British shoe and accessories designer (born 1985)

Sophia Grace Webster (born 18 March 1985) is a British shoe and accessories designer who launched her eponymous footwear line in September 2012. She is renowned for a feminine, bold yet playful design approach which has led to distribution at over 200 retailers worldwide.

As a teenager, Webster was a competitive dancer. She attended The Rochester Grammar School before going on to study art and sculpture at Camberwell College of Arts in London. Realising she wanted to create shoes, Webster went on to Cordwainers' College at the London College of Fashion, and then studied for her MA at Royal College of Art.
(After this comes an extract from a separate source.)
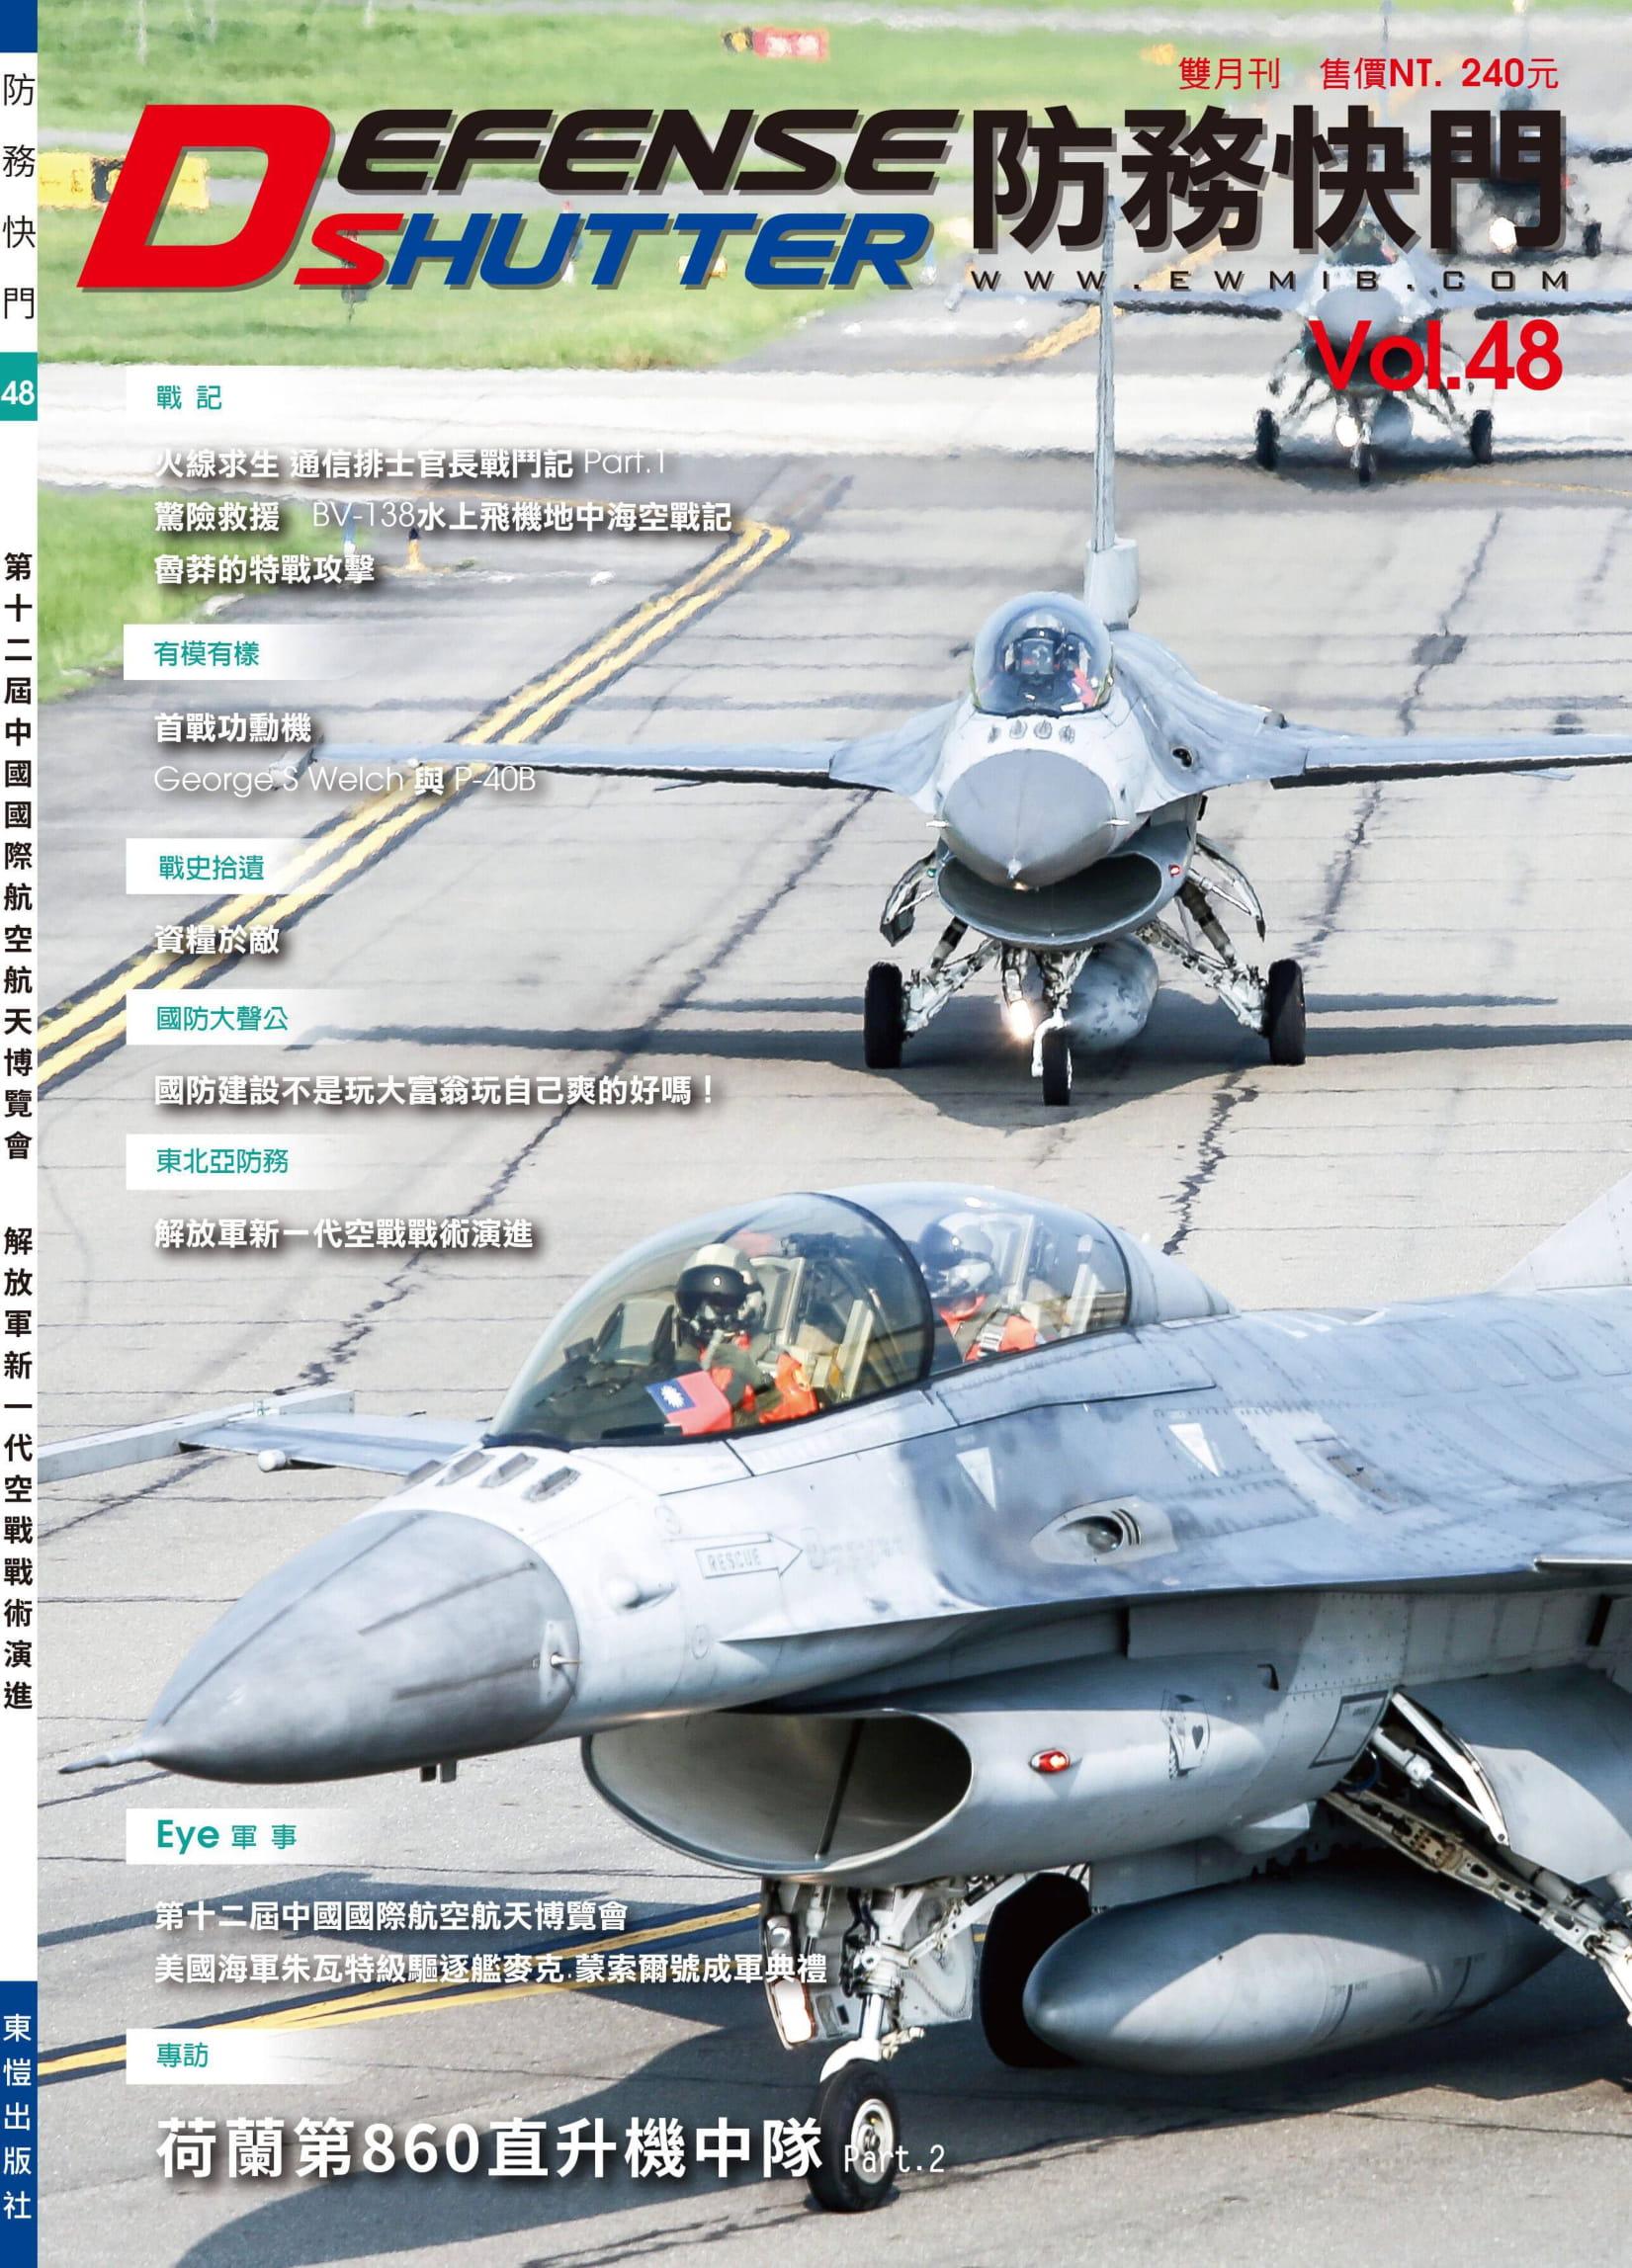 Defense Shutter (Taiwan)_2_Dutch NH90s-1

Afterwards she worked as an apprentice with Nicholas Kirkwood before setting out on her own. Footwear News named Webster the "Emerging Footwear Designer of the Year" of 2013, and she also appeared on The Times 2013 New Power List as someone to watch. In 2014, Marie Claire named Webster as one of 7 designers who represented the future of British fashion.
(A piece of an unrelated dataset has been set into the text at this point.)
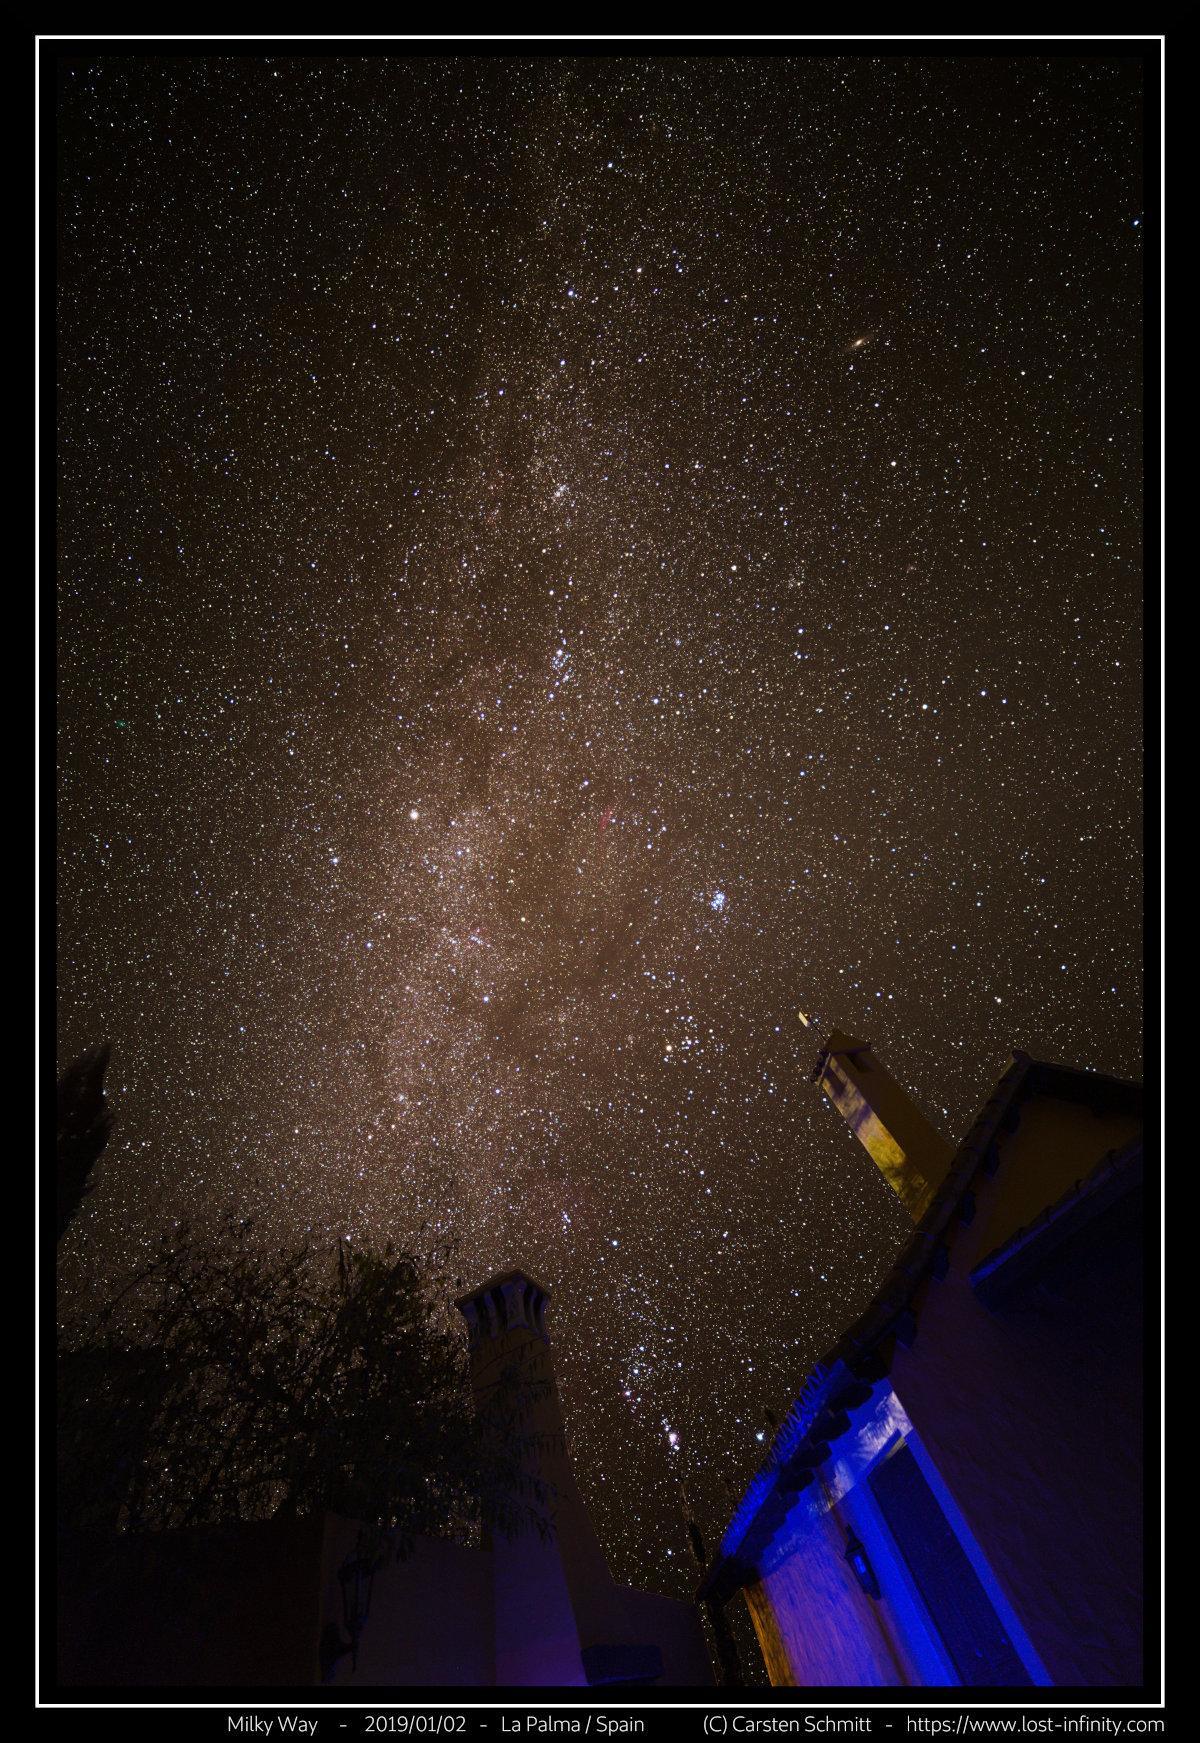 Milky Way - 2019/02/01

In 2013, Sophia Webster was awarded the British Fashion Award for Emerging Accessories Designer.

Webster's shoes were selected as part of the Dress of the Year ensemble for 2013 at the Fashion Museum, Bath. Chosen by the fashion blogger Susanna Lau, the pink-and-black sandals with stiletto heels accompanied a Christopher Kane dress and hat by Nasir Mazhar.

In June 2015 Webster's Riri shoe went on display at the Victoria & Albert Museum as part of their 'Shoes: Pleasure and Pain' exhibition.

In March 2016, Sophia Webster was the recipient of the BFC Vogue Fashion Fund award. The fund helps support emerging British designers with financial support as well as mentoring from industry experts. In May later that year she opened her first official store on Mount Street Mews in Mayfair. As of September 2016, Sophia Webster products were available through over 200 retailers around the world. In June 2018, Sophia Webster opened her second boutique in Chelsea, London.